The RESPECT11 and PERSEPHONE12 trials paralleled the theme of de-escalating therapy in patients with HER2-positive breast cancer. The RESPECT trial,11 which looked at elderly patients between 70 and 80 years of age, demonstrated excellent (> 90%) 3-year disease-free survival (DFS) with trastuzumab alone or in combination with chemotherapy. In real life practice, clinicians will encounter patients who are unfit for chemotherapy, refuse it, or want to discontinue it. This trial gives us a degree of comfort that trastuzumab alone will still provide significant benefit in those situations.

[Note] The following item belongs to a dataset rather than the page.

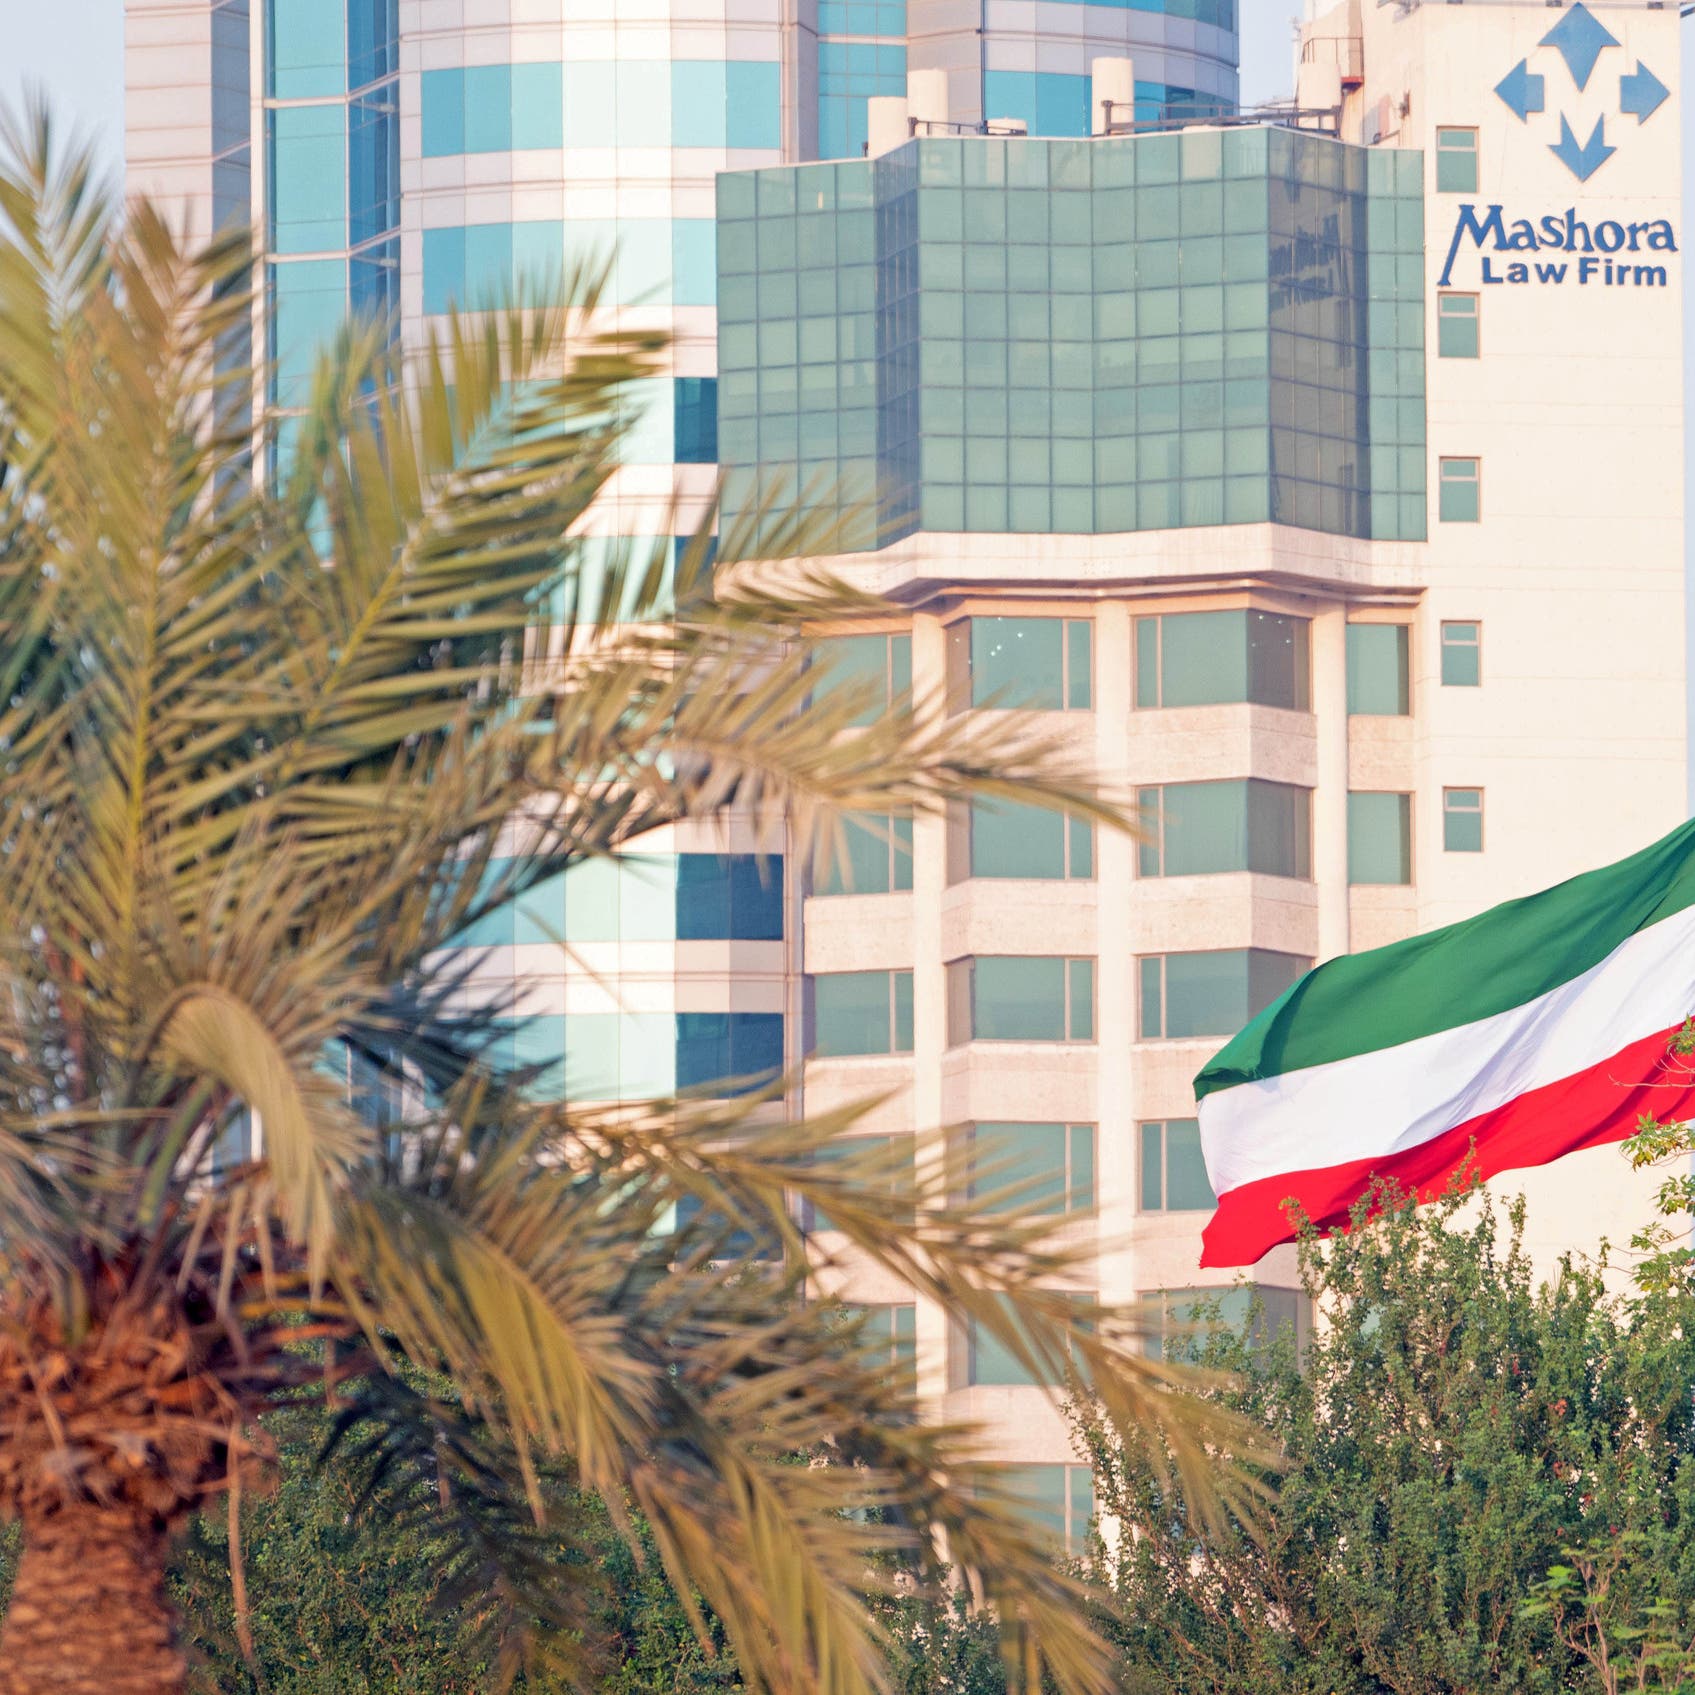 مصادر: استثمارات الاحتياطي العام في الكويت انخفضت 9.8 مليار دولار

Similarly, the PERSEPHONE trial12 examined the question of duration of adjuvant trastuzumab therapy: 6 months vs 12 months. Although the results were not necessarily practice changing, outcomes were noninferior after 6 months compared with 12 months. The longer, full year regimen appeared to be superior in those with HR-negative breast cancer, in those who received taxanes without anthracyclines, and in those who received neoadjuvant chemotherapy. As practitioners, we should encourage those patients to persist with the full year of adjuvant trastuzumab treatment. However, for the overall population, we now understand that the diminution in DFS with 6 months of treatment (vs 1 year) is about 2% to 3%, which may be acceptable to some patients, especially if they experience significant toxicity, encounter cost issues due to their health insurance coverage, or encounter other challenges that make continued treatment difficult.
In conclusion, although many studies of targeted therapies in breast cancer fail, there are successes and each helps us come closer to the goal of offering regimens that omit chemotherapy or delay it without sacrificing efficacy.